Risk governance, then, doesn’t mean sidestepping every source of potential danger — rather, it means making smarter decisions with the risks involved.

“In order to make a decision, you must have choices, preferences and information. Choice just means there are options — there’s a menu of options you can choose from. We’ve formalized a concept called risk appetite, which is a mechanism for stating our preferences about our risk tolerances. And ideally, the information that determines your decisions includes an understanding of the risks of action and the risks of inaction — and some understanding of the probability of each path,” Boultwood explained.

According to Boultwood, failure should be rewarded as much as success — so long as decision-makers understand the risks at play and make intentional, strategic choices.

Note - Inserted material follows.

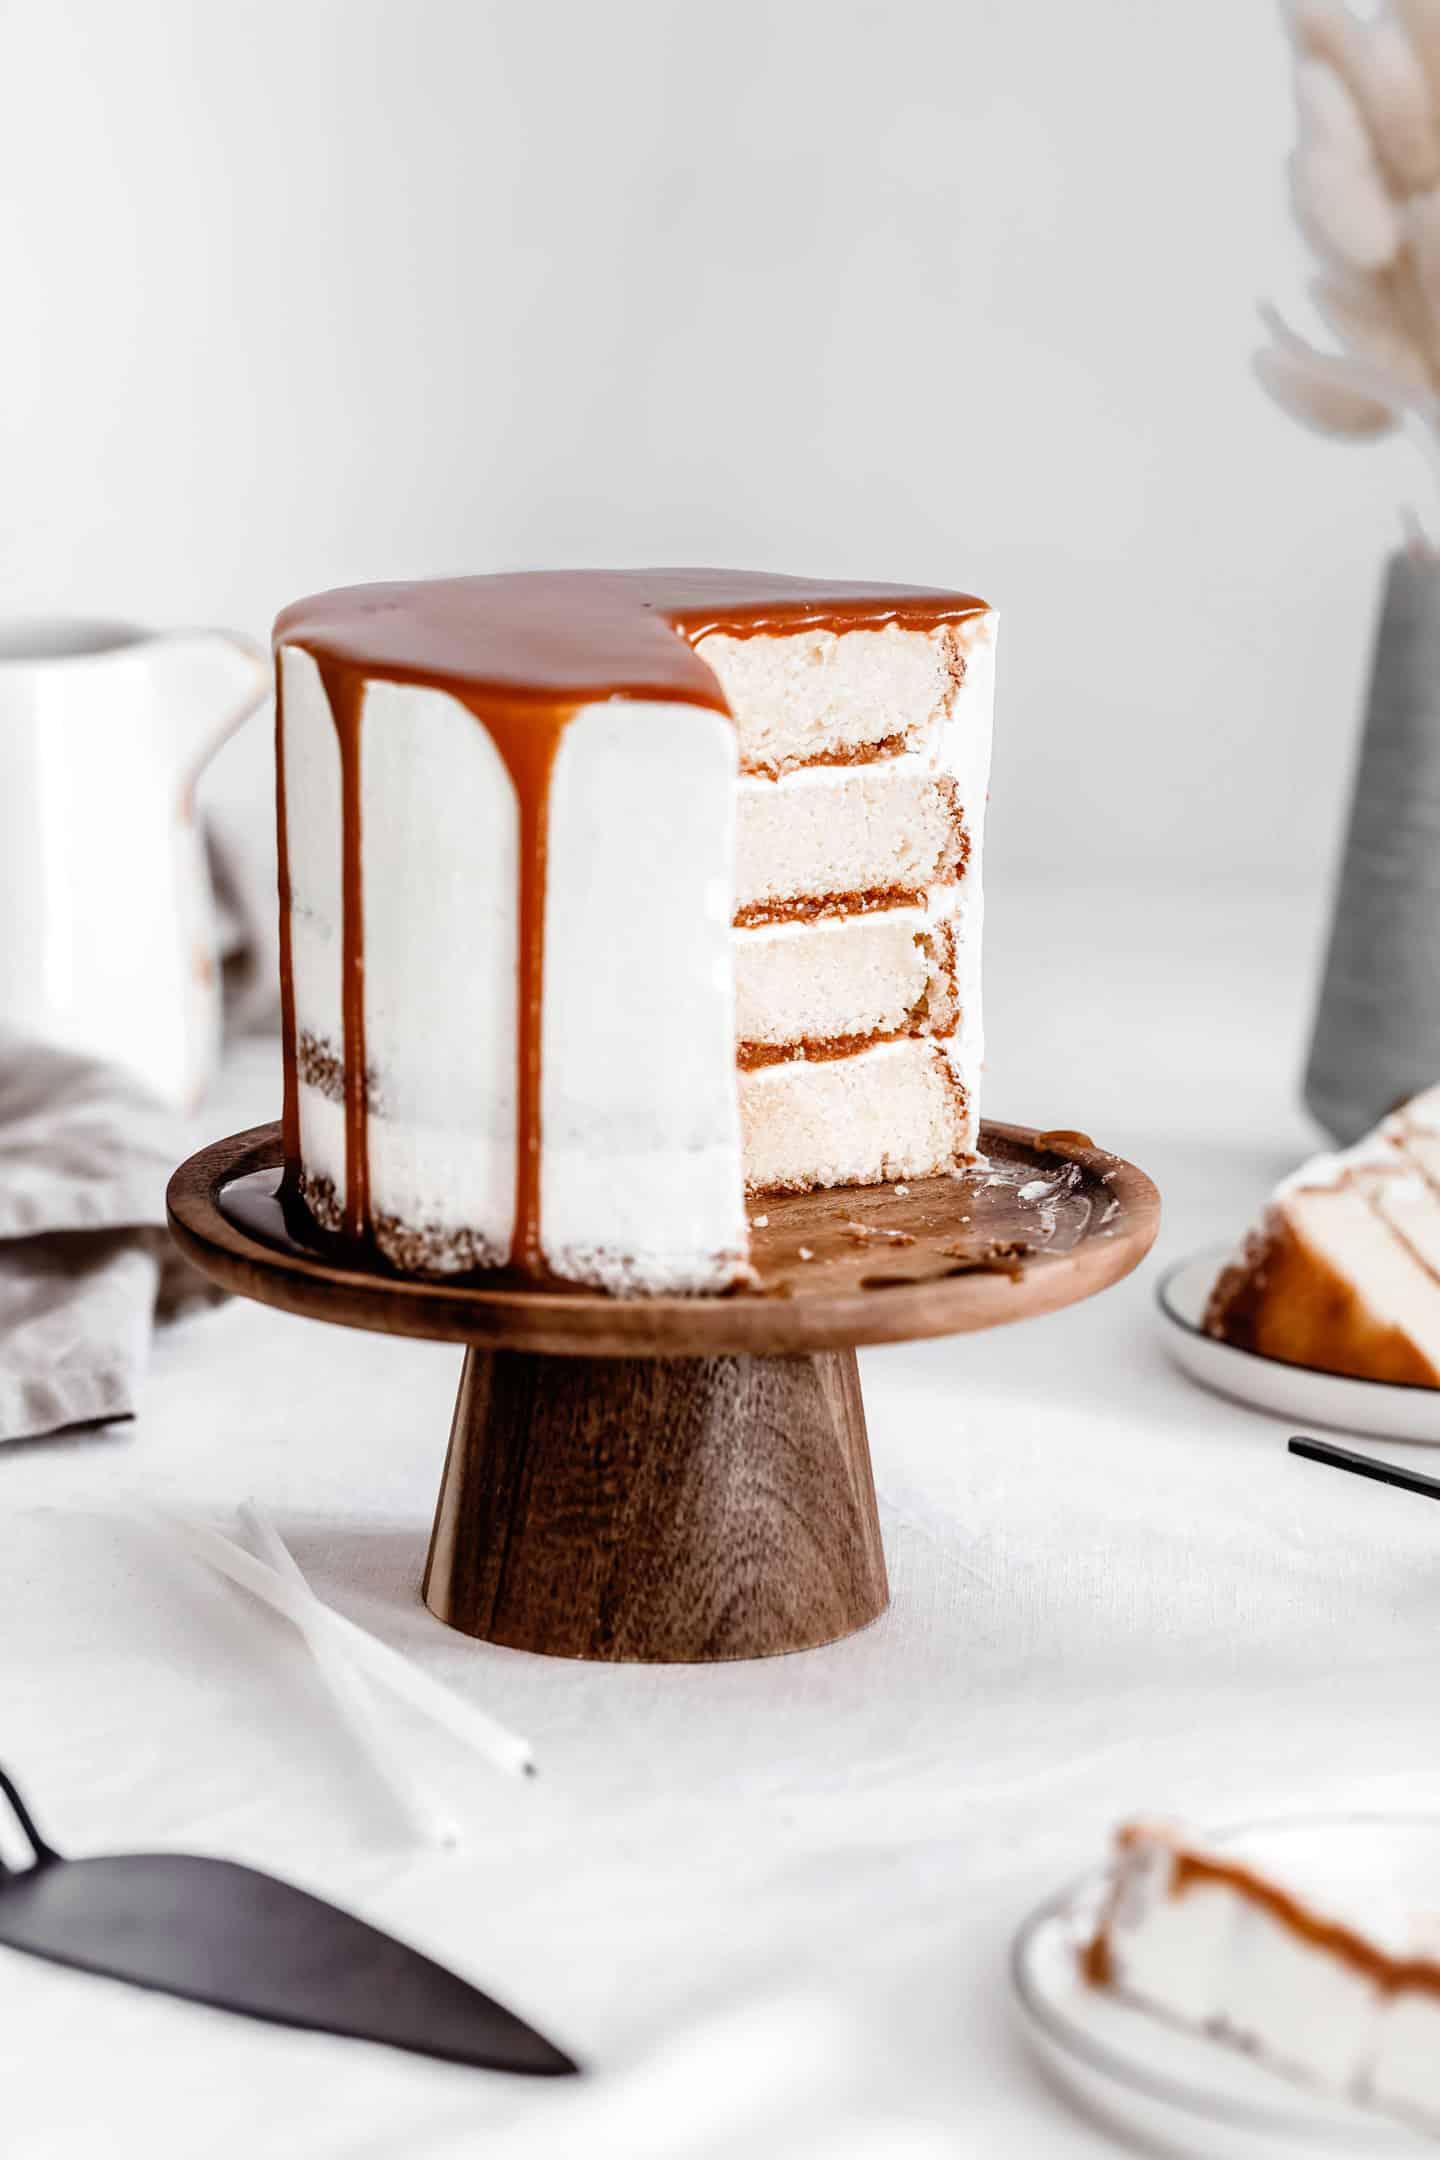 Layer cake vanille et caramel
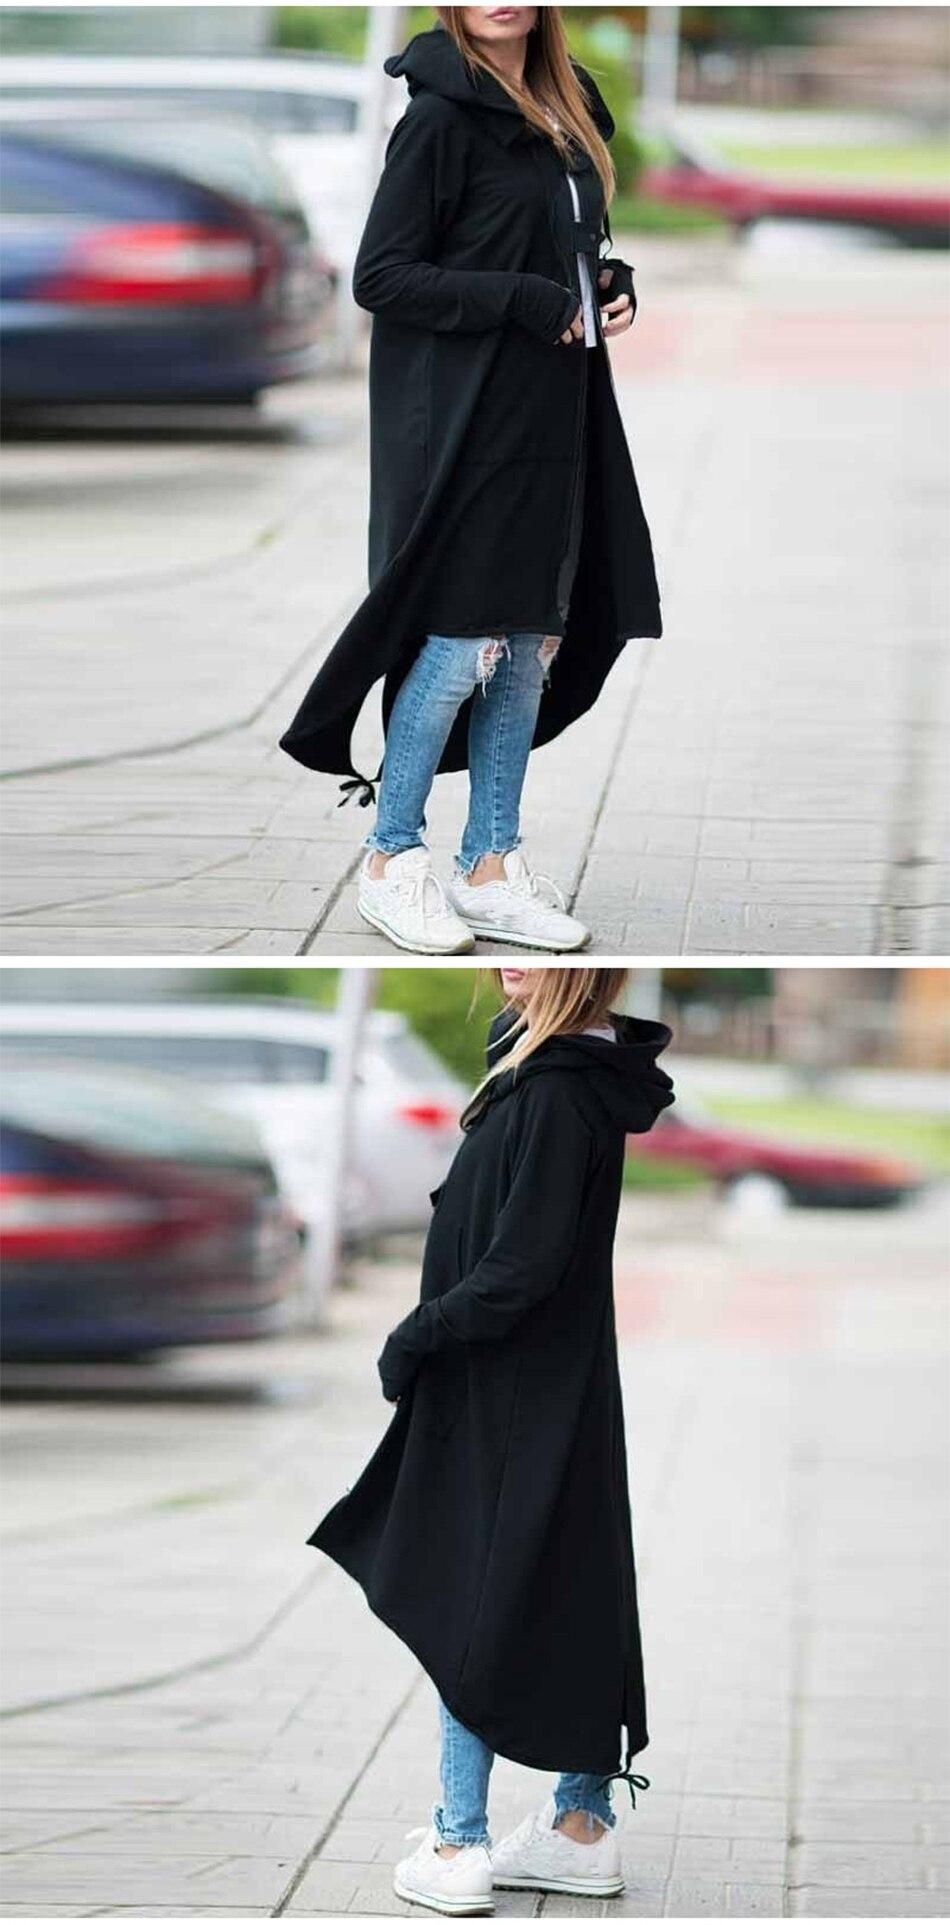 CROPKOP Fashion Long Sleeve Hooded Trench Coat 18 Autumn Black Zipper Plus Size 5XL Velvet Long Coat Women Overcoat Clothes 5

“This all happens in an environment called corporate governance, and that is driven by risk governance. Risk governance is ensuring your organization has owners of the risks and the controls — and that they deliberately make decisions. When you have these clear roles and responsibilities, you can also have accountability,” Boultwood said.

Driving Research Forward

The second session continued with three more working papers: “The Spillover Effects of Characteristics of Forecasting Tasks on Manager’s Risk-Taking” presented by Max Hewitt of the University of Arizona, “Does Enforcement Affect Peer Risk-Taking? Evidence from the Banking Industry” presented by Laurel Mazur of the University of Notre Dame, and “The Evaluation of Corporate Governance: Evidence from the Field” presented by Lauren Cunningham of the University of Tennessee.

Yvette Connor, national strategic and enterprise risk practice leader for Grant Thornton, rounded out the discussion with practitioner insights about risk-related challenges and opportunities, as well as the importance of both quantitative and qualitative research in order to leverage analytics to manage risk and strengthen organizational resiliency.

Participants asked questions and engaged in dialogue throughout the event.

The symposium closed out with an evening networking reception at TowneBank Center and picked back up the following morning with two sessions on evolving stakeholder expectations and navigating emerging ESG expectations.

Eric Mai, director of enterprise risk management for Delta Airlines, provided real-world insights to open day two of the symposium and anchor the day’s discussion.

The final two sessions featured four more research papers, including “Earnings Myopia and Private Equity Takeovers” presented by Trent Krupa of the University of Arkansas, “Passive Ownership and Aggressive Non-GAAP Reporting” presented by Kevin Chen of Duke University, “Litigation Risk and Environmental Disclosure Decisions” presented by Jasmine Wang of the University of Virginia, and “Climate-Related Uncertainty and Managerial Short-Termism” presented by Tyler Kleppe of the University of Kentucky.

“We were thrilled to see the conversation and exchange of ideas between scholars and practitioners that transpired throughout the symposium about emerging research and real-world risk governance challenges,” says Mark Beasley, Alan T. Dickson distinguished professor of accounting and director of the ERM Initiative. “That kind of engagement is an important and beneficial step to ensure our scholarly work is focused on the grand challenges of today’s rapidly evolving risk landscape.”